The patient was suspected of having MIS-A and was commenced on intravenous methylprednisolone (0.5 g for 6 days) and IVIG (20 g for 5 days) on 8 November 2022. His fever subsided soon after steroids were given, with resolution of organ failure. He was discharged 11 days after starting MIS-A treatment with prednisolone 40 mg twice daily. Repeated echocardiogram on 16 November 2022 prior to discharge showed significant improvement with left ventricular ejection fraction of 55% and decreased pericardial effusion of up to 1.1 cm in thickness. He had no further episodes of atrial fibrillation. He was last seen 4 weeks post-discharge and remained well on a tapering dose of prednisolone. He remained well and was eventually weaned off immunosuppressants in early October 2023.
The Centers for Disease Control and Prevention case definition for MIS-A was developed through expert opinion and states that the patient should be aged ≥21 years, have been hospitalised for at least 1 day or died as a result, and fulfilled certain clinical and laboratory criteria with no more likely alternative diagnosis.1 Case 1 did not fulfil these primary clinical criteria for MIS-A. Nonetheless she exhibited the neurological and haematological components of the secondary clinical criteria and also met the laboratory criteria with no other cause identified. Fulminant pulmonary involvement is unusual since pulmonary involvement has been used to distinguish MIS-A patients from patients with severe COVID-19 infection.2 Chronologically the patient developed fulminant pneumonitis 3 weeks after her initial COVID-19 infection, within the commonly described 2- to 5-week interval between onset of typical COVID-19 symptoms and onset of MIS-A, that likely represented a post-acute phenomenon rather than part of the initial infection. A case series in the United States also reported that MIS-A patients may have pulmonary involvement and require mechanical ventilation when compared with multisystem inflammatory syndrome in paediatric patients.3 Although 86% to 89% of MIS-A patients have one or more cardiovascular abnormalities,4 the lack of cardiac involvement in this patient with otherwise compatible clinical features should not have excluded the diagnosis of MIS-A.

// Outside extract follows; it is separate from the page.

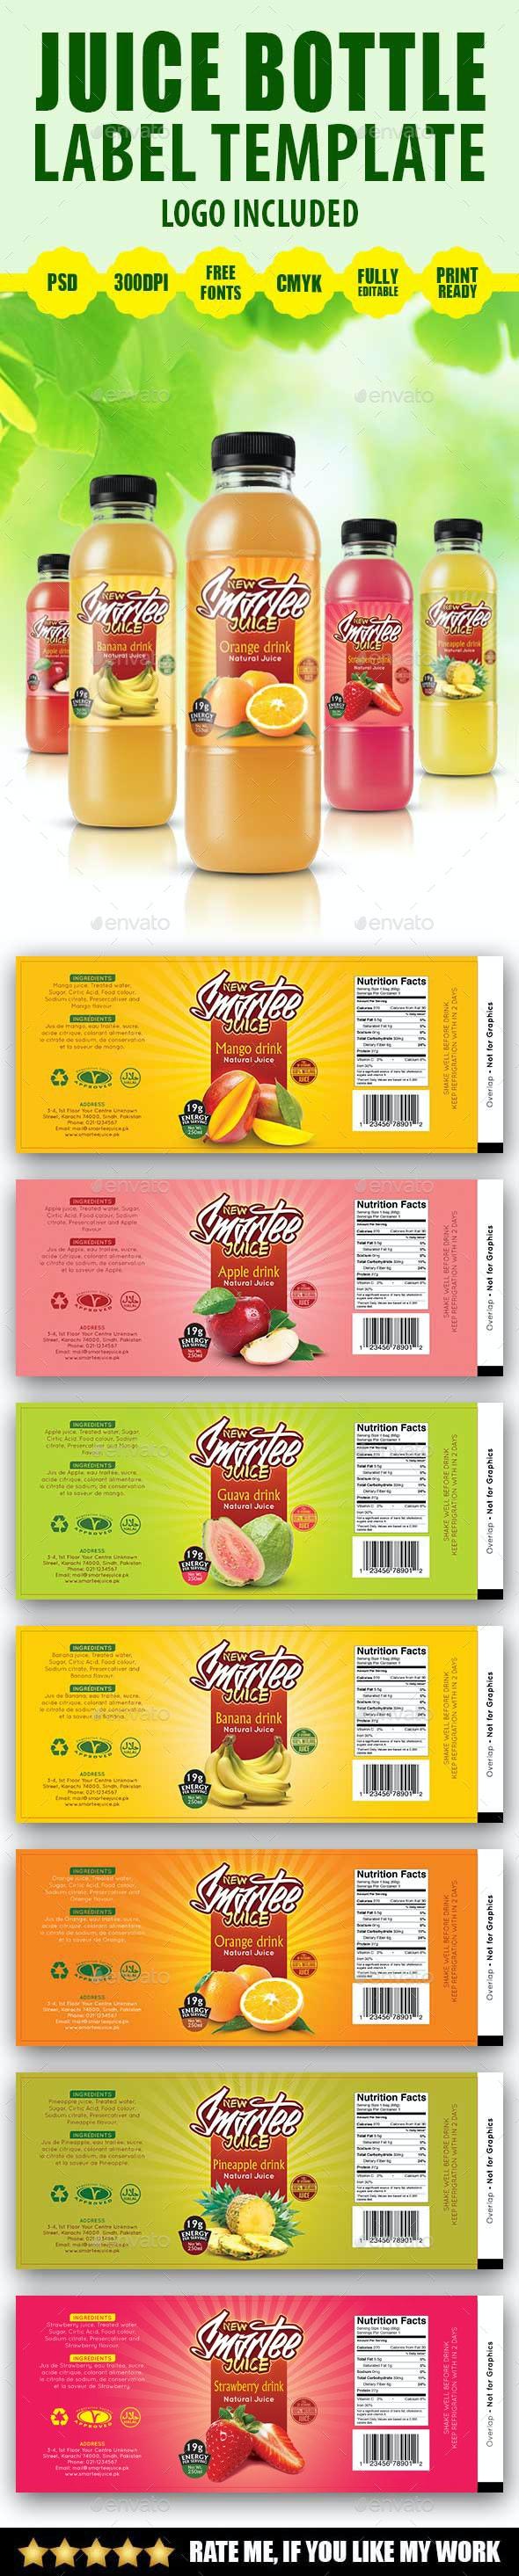 Juice Bottle Label Template V2 - Print Templates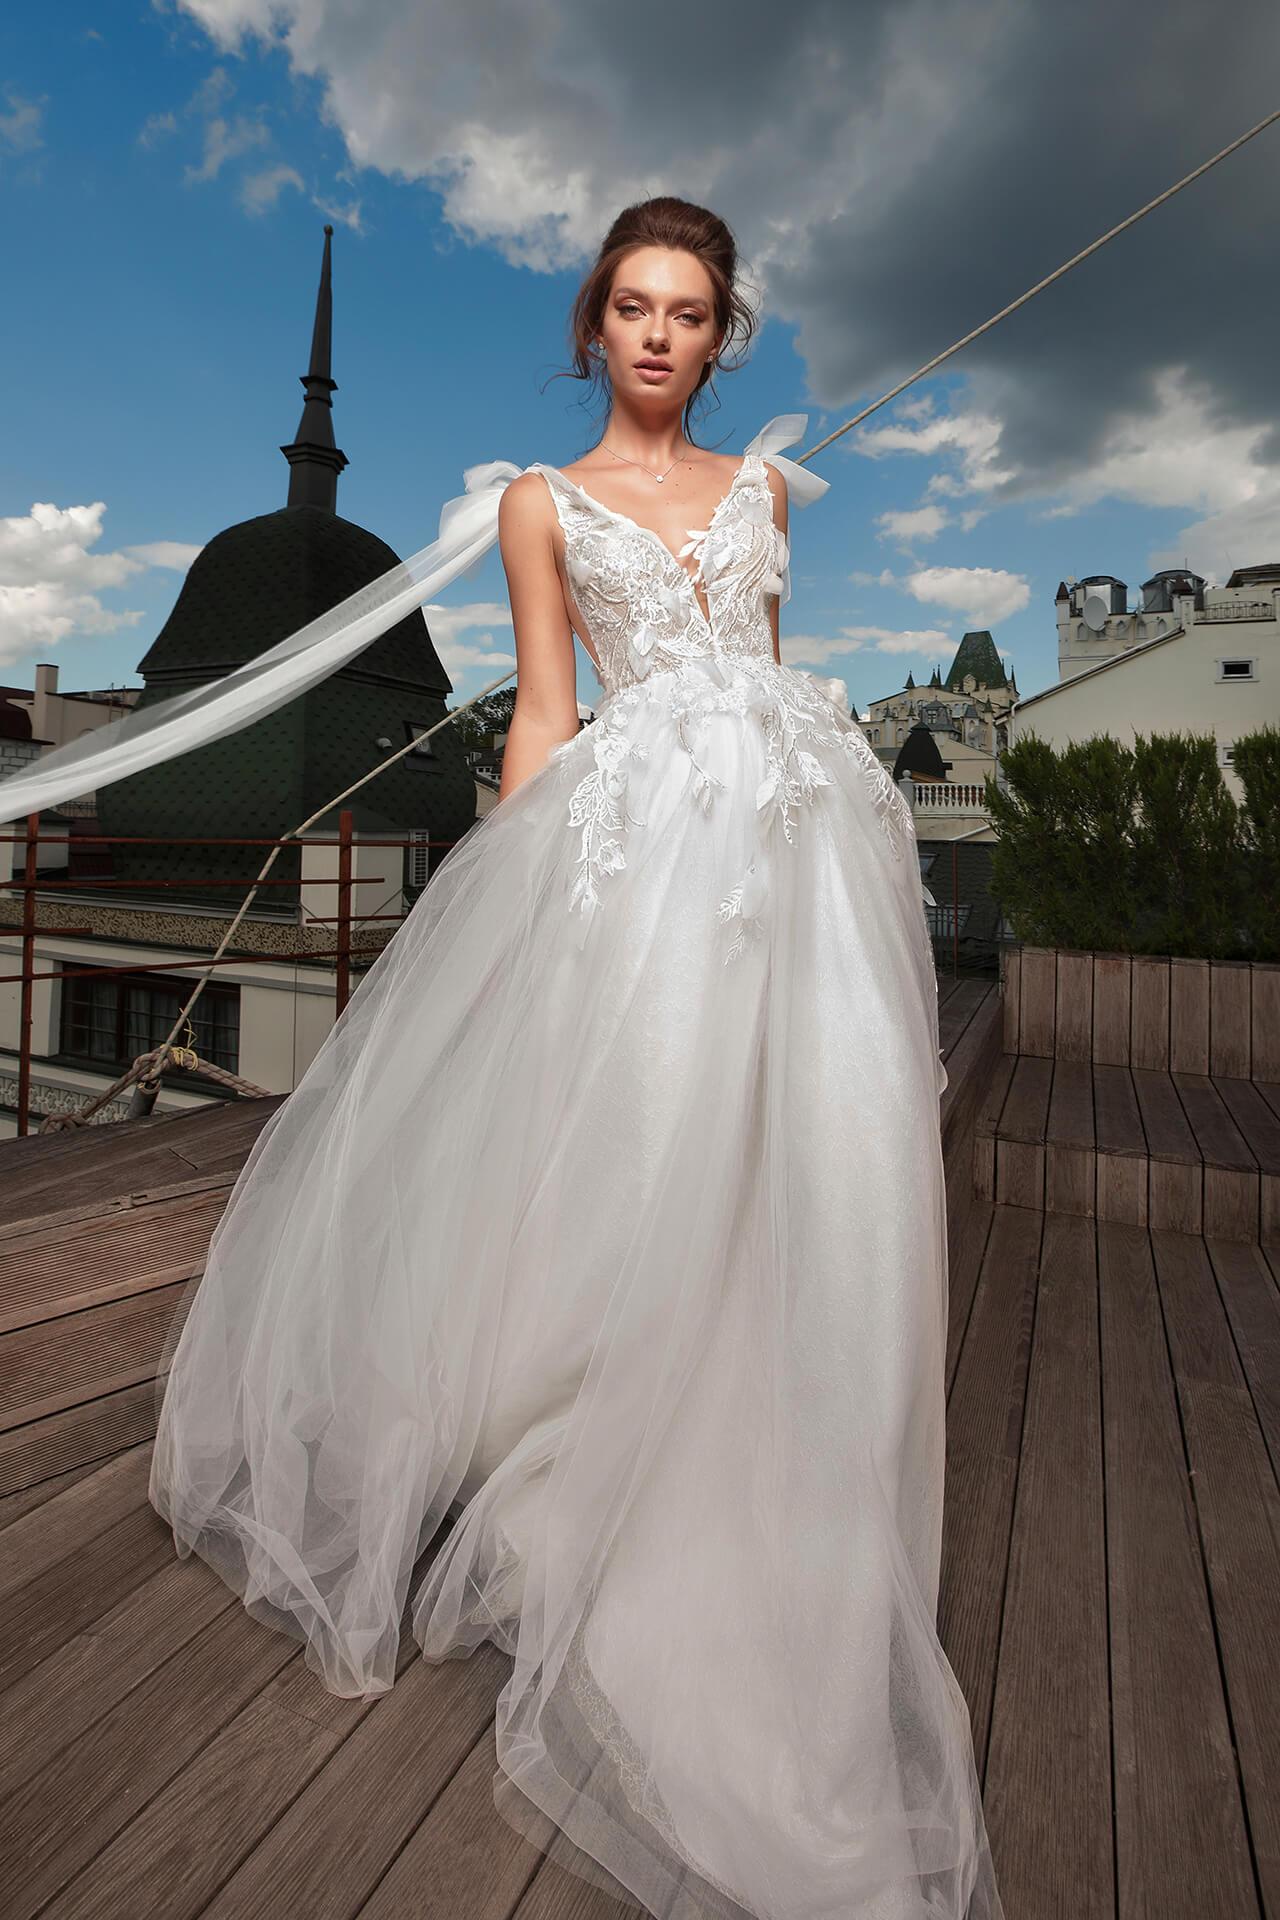 Свадебное платье Michelina, Коллекция Cloudy dreams, Anne-Mariée

Case 2 fulfilled the Centers for Disease Control and Prevention case definition as well as having markedly deranged liver and renal function. Despite his impaired left ventricular ejection fraction, there was no shock or congestion to explain the deranged liver and renal function. Both liver and renal function recovered with immunosuppression, suggesting reversibility with treatment of the hyperinflammatory state. Such hepatic involvement has been reported in a case in Croatia5 and renal involvement has been reported previously, albeit usually associated with shock.2
Both cases responded rapidly to methylprednisolone and IVIG. This treatment regimen was with reference to the guidelines published by the National Institutes of Health and extrapolated from multisystem inflammatory syndrome in children data.6 Case 2 had a longer course of methylprednisolone based on body weight and higher level of inflammatory markers. Steroid tapering was initiated afterwards and continued for at least 2 months in both our patients. Further studies would be helpful to guide the management for MIS-A.
Author contributions
All authors contributed to the concept or design of the study, acquisition of the data, analysis or interpretation of the data, drafting of the manuscript, and critical revision of the manuscript for important intellectual content. All authors had full access to the data, contributed to the study, approved the final version for publication, and take responsibility for its accuracy and integrity.
Conflicts of interest
All authors have disclosed no conflicts of interest.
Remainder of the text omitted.